Speech technology from Microsoft’s Tellme group is quickly becoming a bigger part of the company’s products, starting with the upcoming revamps of Xbox Live and Windows Phone. Users will have more opportunities to use voice commands to interact with and control the on-screen experience — listening to text messages in Windows Phone, for example, and responding to them by voice.
And people should find the voice recognition to be considerably better than in the past, said Ilya Bukshteyn, a Microsoft Tellme senior director, when we met up today on the company’s Redmond campus.
Here’s why: The technology has been improved by the diversity of voice searches coming in through applications such as Bing on mobile phones.
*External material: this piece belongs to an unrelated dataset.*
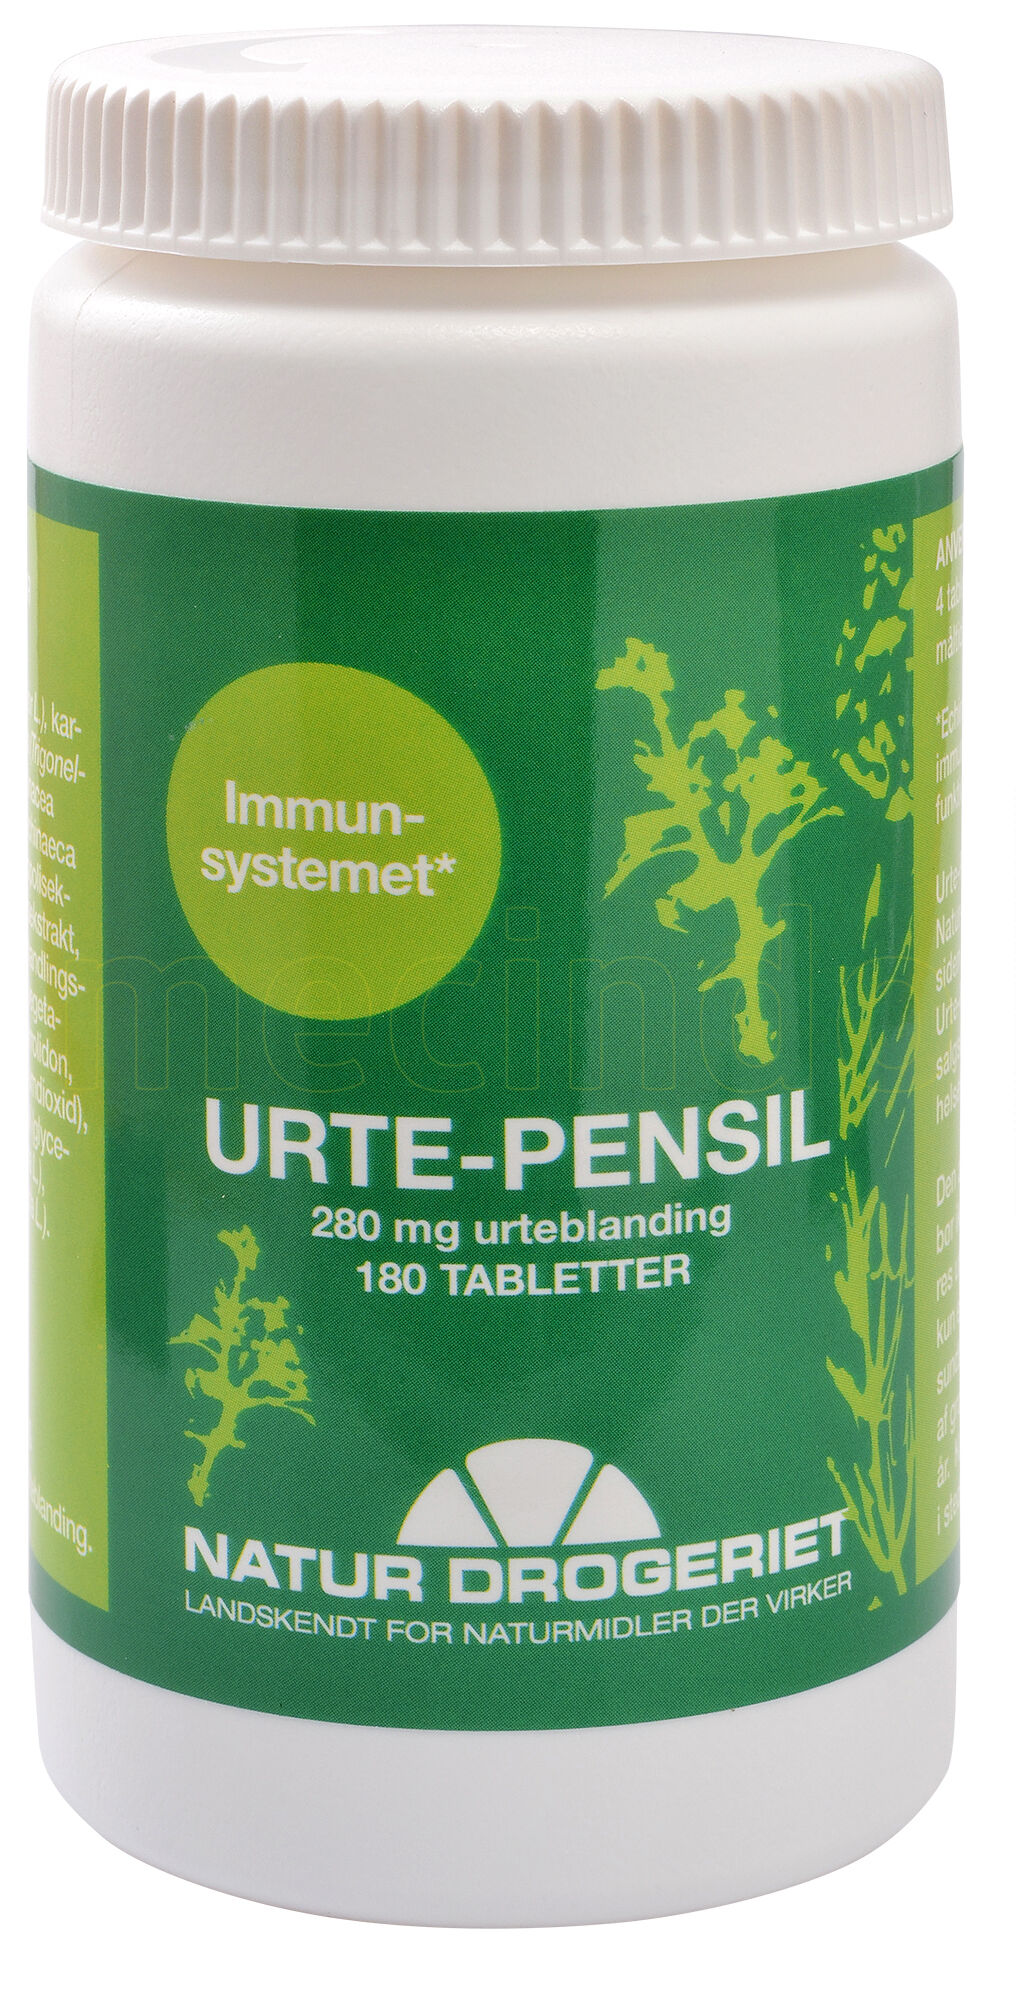 Natur Drogeriet Natur-Drogeriet Urte-pensil - 180 Tabletter

In addition, Microsoft is using a unified, cloud-based service across its different voice applications. With a larger collection of data to work from, the unified system can learn more quickly.
“We’ve seen more improvement in the last 18 months to two years than we saw in a decade before that,” Bukshteyn said.
In the video above, Bukshteyn shows the expanded voice features for Microsoft’s Kinect sensor on Xbox 360 — including a more seamless approach to the Xbox Live menu, and voice integration into games. Those improvements are rolling out this fall along with the broader Xbox Live upgrade.
The deeper Windows Phone integration will come with the release of the Mango update, also this fall.
It’s part of the broader push toward “natural user interfaces” to supplement the keyboard and mouse.
Long term, Microsoft is aiming to turn voice technology into more of a natural conversation with the machine, as opposed to the commands used today. The company released this “glimpse of the future” video last week to demonstrate where it hopes to go over the next three to five years.
For more, here are excerpts from what Bukshteyn had to say today …
How things have improved: “The science of speech gets better through two things: machine learning, and a massive amount of data. In the cloud, we have built a feedback loop that learns from usage and improves the service right away. We can deliver a better experience tomorrow than we had today.”
How web search helps improve voice recognition: “There’s only so much you’re going to learn from a lot of people saying “agent,” or a limited set of words. The thing that’s so cool with Bing voice search is that you would get a really diverse set of utterances, and we saw that really take off. Across the industry, anywhere from 25 to 30 percent of mobile search are now done using voice. The interesting thing for us is that on Windows Phone, we actually much higher, and we attribute to that to speech becoming core to the user interface (in Windows Phone).”
Shift to the cloud: “One cloud for speech is incredibly important powerful. Our goal is having one feedback loop and one cloud that actually learns across domains. The key there is really having varied utterances. We get about 11 billion utterances a year right now in our cloud. We believe it’s the most-used speech cloud in the industry — it’s a little hard to get stats. So literally that’s multiple utterances a second, where each one is an opportunity to get better and learn.”
Voice in Internet Explorer: “There’s nothing that we’ve announced. I think you’ve seen, out in the industry, some work that we’re participating in with standards bodies to, at some point in the future, have a voice/speech tag in html. Hasn’t been agreed to yet. We’re very active with the standards bodies. Once you have that, it opens up a whole bunch of opportunities. The way it’s being discussed, the tag could point to a local engine or a cloud engine — any HTML5 app could make use of a local speech engine, or could point to a cloud for any part of the app.”
What about Windows? “You’ve probably seen that Windows 8 apps are HTML5-based. Nothing announced or concrete, but you can sort of see your way into the future, how that could play out. That’s certainly our vision in the future: You have a cloud service that’s available to any developer — Microsoft and external — that can be used in applications in Windows marketplaces, like phone or Xbox; could be used in line-of-business applications, Azure; or can be used for web applications, whether those run on the device, if you will, in a Windows 8 type of way, or anywhere.”